Esta perspectiva crítica sobre el cine moderno y contemporáneo busca aflojarle el corsé, tal como se materializa en el gesto de Sor Juana Inés de la Cruz cuando le desabrocha el corpiño a la virreina, en una de las secuencias de Yo, la peor de todas, el quinto largometraje de María Luisa Bemberg, que transcurre en un convento habitado por monjas “piadosas”, “tibias” o “descarriadas”, que Martinelli explora en un pasaje rutilante de Rondas nocturnas:
La celosía es un enrejado que se pone en las ventanas o aberturas para permitir ver a través de ella sin ser visto. Este elemento arquitectónico está presente en los confesionarios de las iglesias cristianas apostólicas y romanas, así como también en lugares de los grandes teatros de principios del siglo XX. [Nota al pie: En la Argentina, y particularmente el Teatro Colón, estos espacios eran destinados para que las mujeres, en períodos especiales como la viudez, pudiesen asistir al espectáculo sin ser vistas en público.] La figura de la celosía es recurrente en la obra de Bemberg, en su expresión plástica y en su aspecto simbólico, por ser un dispositivo que organiza las posibilidades de lo visual: permite ver y, al mismo tiempo, ocultar. [Nota al pie: En este sentido, Ana Forcinito (2014: 42) considera que la imagen del encierro condensa el punto de partida de las miradas, las voces y los sonidos que encuentran los puntos de fuga de la asfixia producida por las pautas dominantes y heteronormativas que rigen la reclusión doméstica y conventual de las mujeres.] Ese movimiento de modulación entre lo que puede y no puede ser visto permite una relación desde lo arquitectónico y lo escenográfico de la celosía a lo directamente físico y ligado al cuerpo en el uso de un accesorio de indumentaria como el velo. Por otro lado, en la misma cadena de significantes, el “celamiento” resulta una demarcación del otro como un territorio que ciertas perspectivas feministas buscan romper. (2022: 63)

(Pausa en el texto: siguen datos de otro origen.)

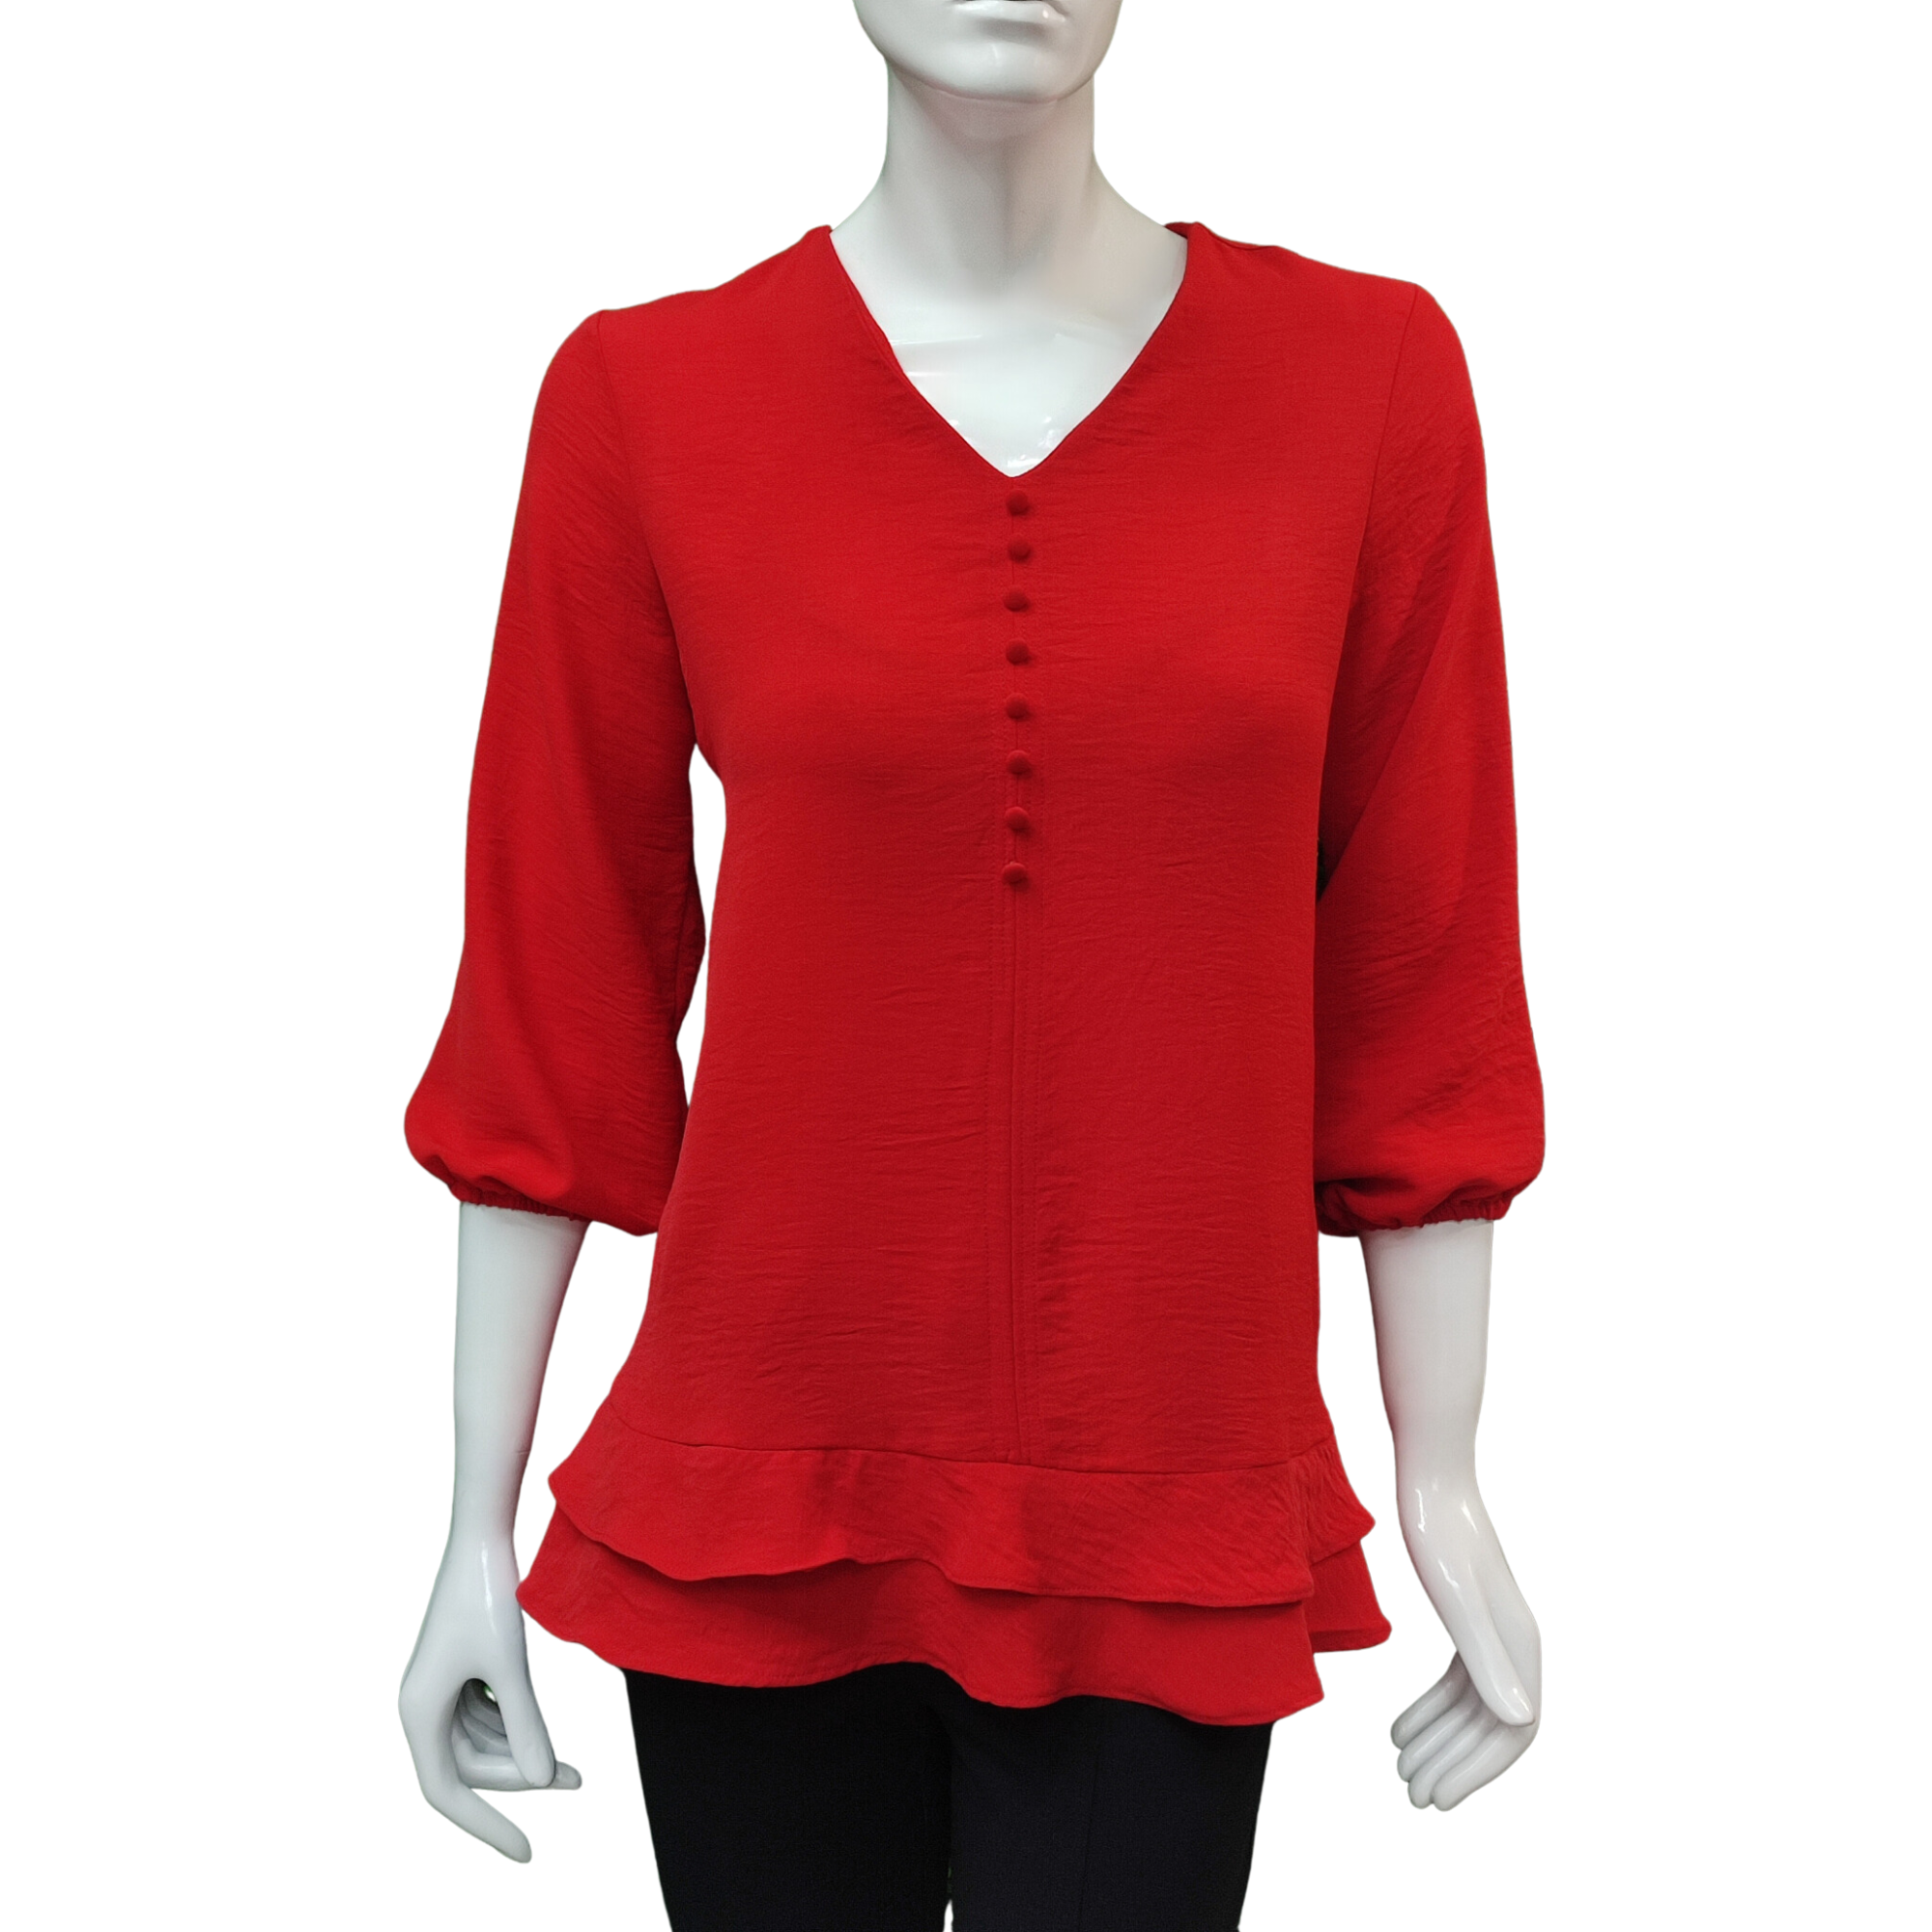 Blusa roja manga tres cuartos - Baronia

Justamente, esta revisión del cine implica preguntarse cómo plantear desde el presente una lectura del pasado que no dependa de la mera decisión de mirar hacia atrás. En este sentido, una arqueología sobre fragmentos de la historia, que no se piensa en bloque sino a partir de las propuestas formales y temáticas de algunos films, puede desorientar e incluso hacer tambalear los marcos de visibilidad de los cuerpos. En especial, cuando se trata de cuerpos que desobedecen la heteronormatividad.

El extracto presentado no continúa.